Above, the option maximum_error_weight=1 may make the decoder useless for a lot of purposes, but this shows that the code is building D. We have in the above case:

sage: len(L)
1024
sage: len(D.__dict__['_lookup_table'])
1025

Using maximum_error_weight=2 instead, after a looonger wait we get a decoder with...

sage: len(D.__dict__['_lookup_table'])
524801

Fri, 02 Apr 2021 15:16:08 +0200

Thanks a lot for this, it's really helped shed light on the problem!

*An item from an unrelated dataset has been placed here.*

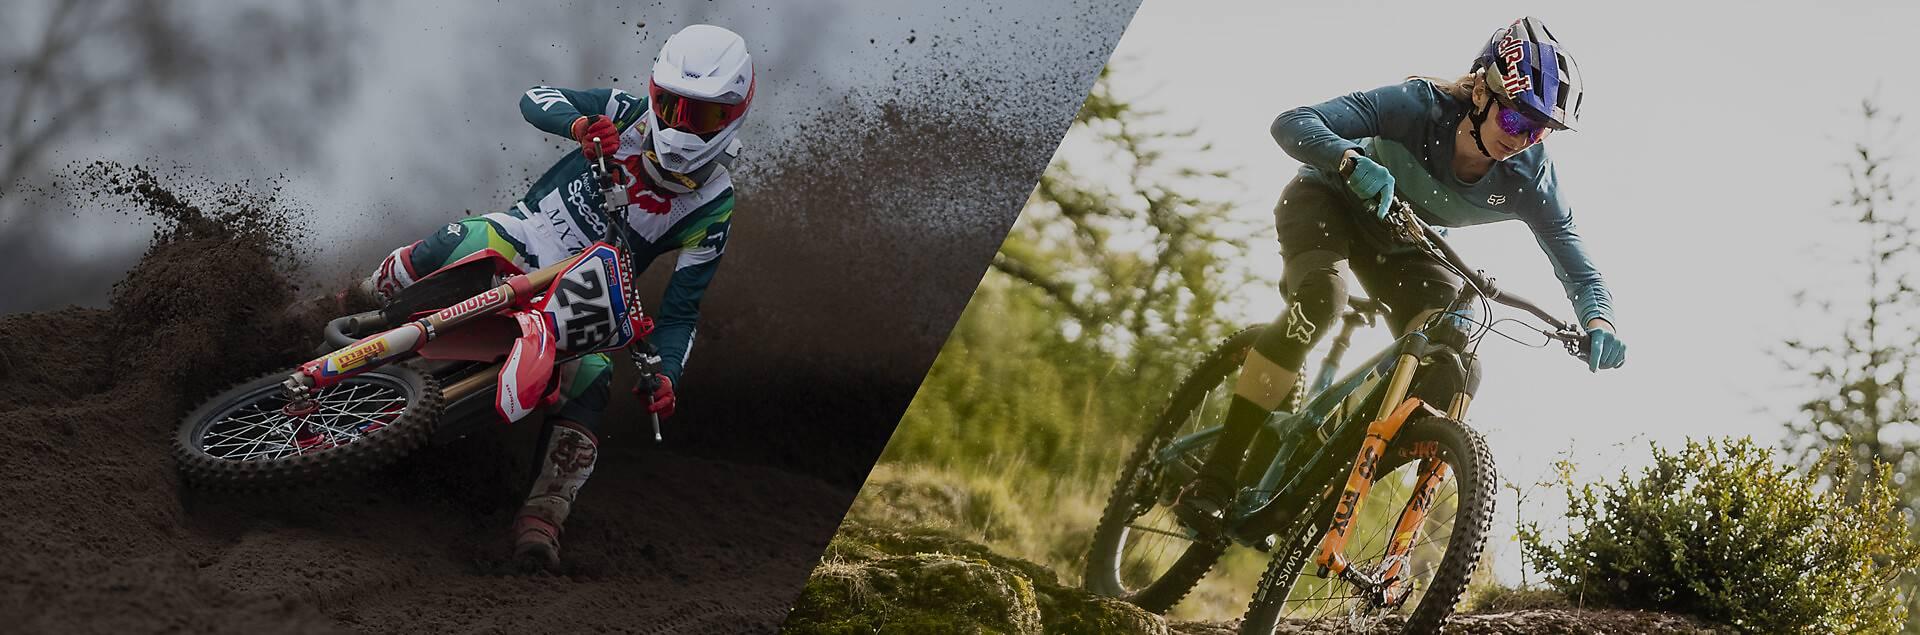 Moto and MTB Athlete Picks

It looks as though the decoder just creates a lookup table for all the possible syndromes and their corresponding codewords, so there's no surprise I run out of memory. Unless there's a more efficient syndrome decoder out there that I'm unaware of, it looks as though creating a decoder with these parameters is out of the question then, which is a shame. This has been very helpful though, so thank you!